Effects of raloxifene after tamoxifen on breast and endometrial tumor growth in athymic mice

Effects of raloxifene after tamoxifen on breast and endometrial tumor growth in athymic mice

Author O'Regan, R. M. Google Scholar
Gajdos, C. Google Scholar
Dardes, Rita de Cássia de Maio Autor UNIFESP Google Scholar
De Los Reyes, A. Google Scholar
Park, W. Google Scholar
Rademaker, A. W. Google Scholar
Jordan, V. Craig Google Scholar
Institution Universidade Federal de São Paulo (UNIFESP)

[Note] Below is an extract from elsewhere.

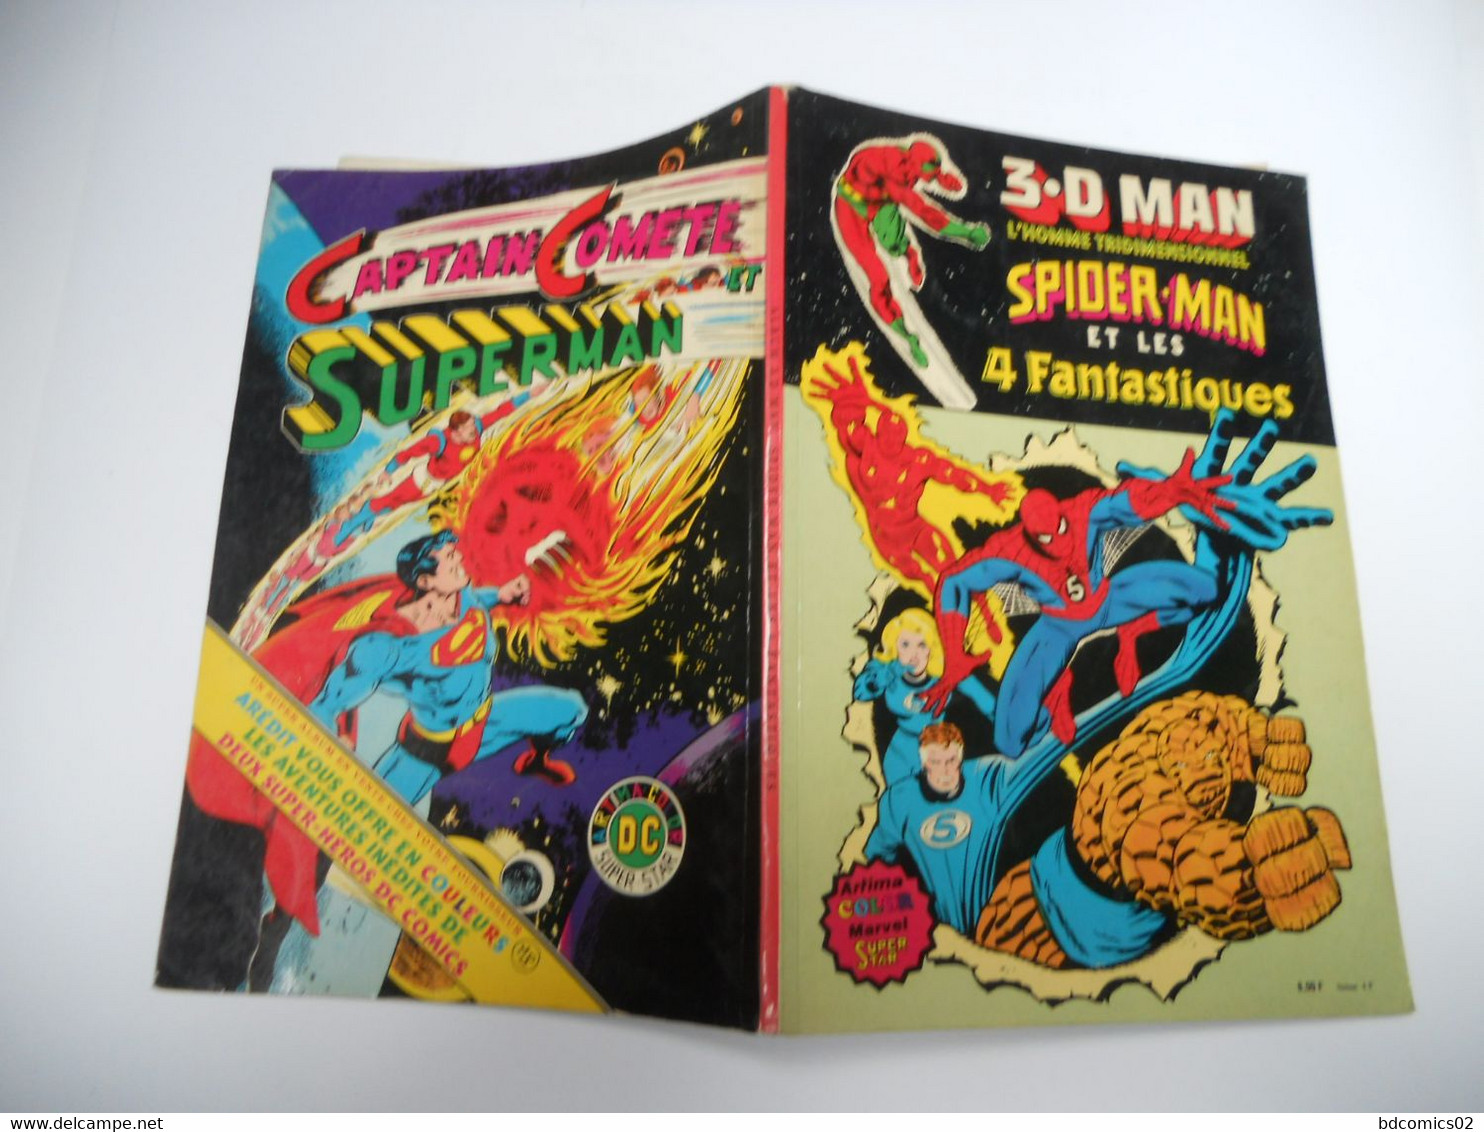 3.D Man,L'HOMME TRIDIMENTIONNEL  Spider-Man Et Les 4 Fantastiques - CRAIG, Jim AREDIT 1981 - Spiderman

Abstract Background: In patients with early-stage breast cancer, 5 years of treatment with the selective estrogen receptor modulator (SERM) tamoxifen reduces breast cancer recurrence and mortality, whereas more than 5 years of tamoxifen does not further reduce breast cancer recurrence and doubles the risk of endometrial cancer. We evaluated the effects on tumor growth of raloxifene, another SERM, after tamoxifen treatment in mouse models of breast and endometrial cancers. Methods: Athymic, ovariectomized mice were bitransplanted with tumors derived from human breast cancer and endometrial cancer cells that either were tamoxifen-naive or had been exposed to tamoxifen for short (6 months) or long (>5 years) terms. The effects of raloxifene (two dose levels) and tamoxifen on tumor growth in the presence and absence of low-dose estrogen were evaluated. All statistical tests were two-sided. Results: Raloxifene was less effective than tamoxifen in blocking the stimulatory effects of low-dose estrogen on the growth of tamoxifen-naive breast (P<.001) and endometrial (P =.001) tumors. Raloxifene and tamoxifen had similar inhibitory effects on the growth of short-term tamoxifen-exposed breast tumors. Raloxifene and tamoxifen had similar stimulatory effects on the growth of breast and endometrial tumors that had been exposed to at least 5 years of tamoxifen. However, neither drug blocked the stimulatory effects of estrogen on the growth of these tumors. Raloxifene was less effective than tamoxifen (P<.001) in blocking the stimulatory effects of estrogen on endometrial tumors that had been exposed to tamoxifen in the past. Conclusions: Raloxifene and tamoxifen had similar effects on these mouse models of tamoxifen-naive and tamoxifen-resistant breast and endometrial cancer. Treatment with raloxifene following 5 years of adjuvant tamoxifen may not further decrease breast cancer recurrence and may increase endometrial cancer incidence.
Language English
Date 2002-02-20
Published in Journal Of The National Cancer Institute. Cary: Oxford Univ Press Inc, v. 94, n. 4, p. 274-283, 2002.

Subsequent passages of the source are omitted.